Apesar de todo o poder transformador e disruptivo atribuído ao surgimento da inteligência artificial, o calcanhar de Aquiles da IA geradora continua sendo sua tendência a inventar coisas. A tendência dos Grandes Modelos de Linguagem (LLMs) a “alucinar” vem com todos os tipos de armadilhas, semeando as sementes da desinformação. A esfera do Processamento de Linguagem Natural (PNL) pode ser perigosa, especialmente quando as pessoas não conseguem distinguir entre o que é humano e o que é gerado pela IA. Para lidar com a situação, a Huggingface, que afirma ser a maior comunidade de IA de código aberto do mundo, introduziu o Hallucinations Leaderboard, um novo ranking dedicado à avaliação de LLMs de código aberto e sua tendência a gerar conteúdo alucinado, executando-os através de um conjunto de diferentes benchmarks adaptados ao aprendizado em contexto. “Esta iniciativa deseja ajudar pesquisadores e engenheiros a identificar os modelos mais confiáveis e potencialmente impulsionar o desenvolvimento de LLMs em direção a uma geração de linguagem mais precisa e fiel”, explicaram os desenvolvedores do ranking. Alucinações factuais são quando o conteúdo contradiz fatos verificáveis do mundo real. Um exemplo de tal discrepância poderia ser um modelo que proclama incorretamente que o Bitcoin tem 100 milhões de tokens em vez de apenas 23 milhões. As alucinações fiéis, por outro lado, surgem quando o conteúdo gerado se desvia das instruções explícitas do usuário ou do contexto estabelecido, levando a possíveis imprecisões em domínios críticos, como resumo de notícias ou análise histórica.
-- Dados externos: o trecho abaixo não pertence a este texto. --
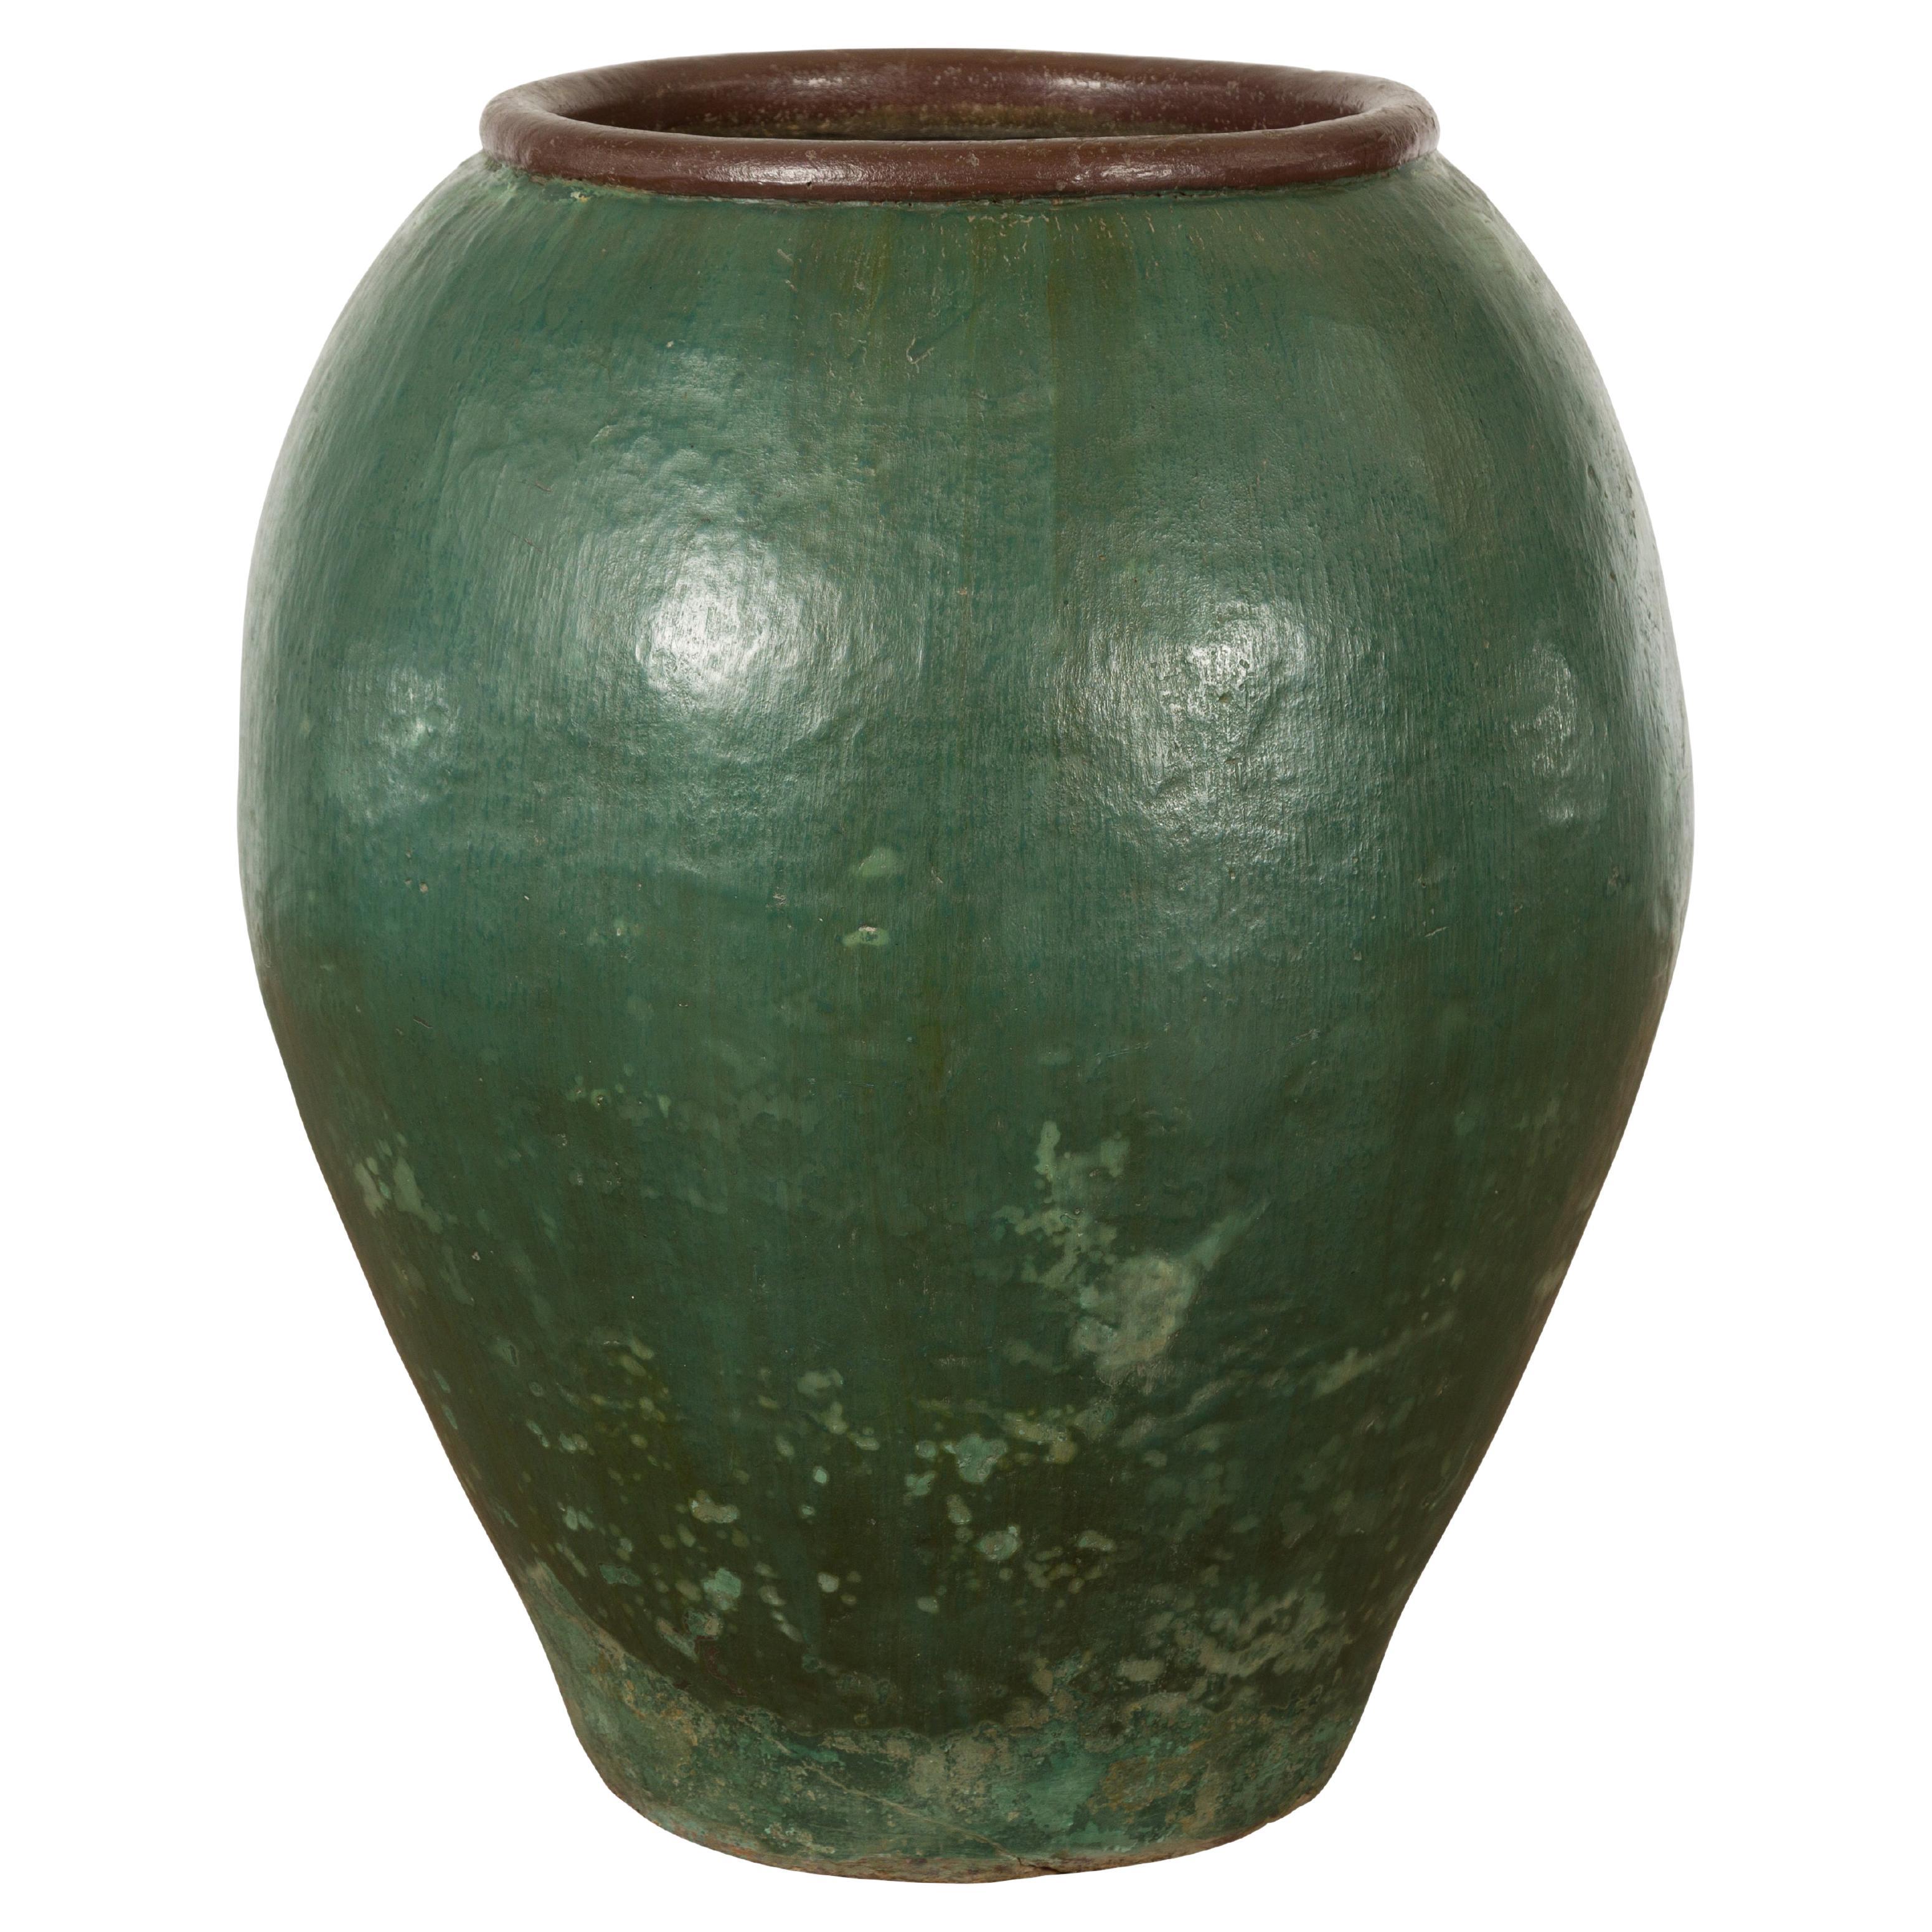 Großes thailändisches Pflanzgefäß aus grün glasierter Keramik der 1950er Jahre mit brauner Lippe und spitz zulaufendem Körper

Nesta frente, o modelo gera informações falsas porque parece ser o caminho mais lógico de acordo com seu prompt. O quadro de classificação usa o Arnês de Avaliação de Modelos de Língua da EleutherAI para conduzir uma avaliação completa do modelo de linguagem de zero-shot e few-shot em uma variedade de tarefas. Estas tarefas são concebidas para testar o quão bem um modelo se comporta. Em termos gerais, cada teste dá uma pontuação com base no desempenho do LLM, então esses resultados são medidos para que cada modelo compita com base em seu desempenho geral em todos os testes.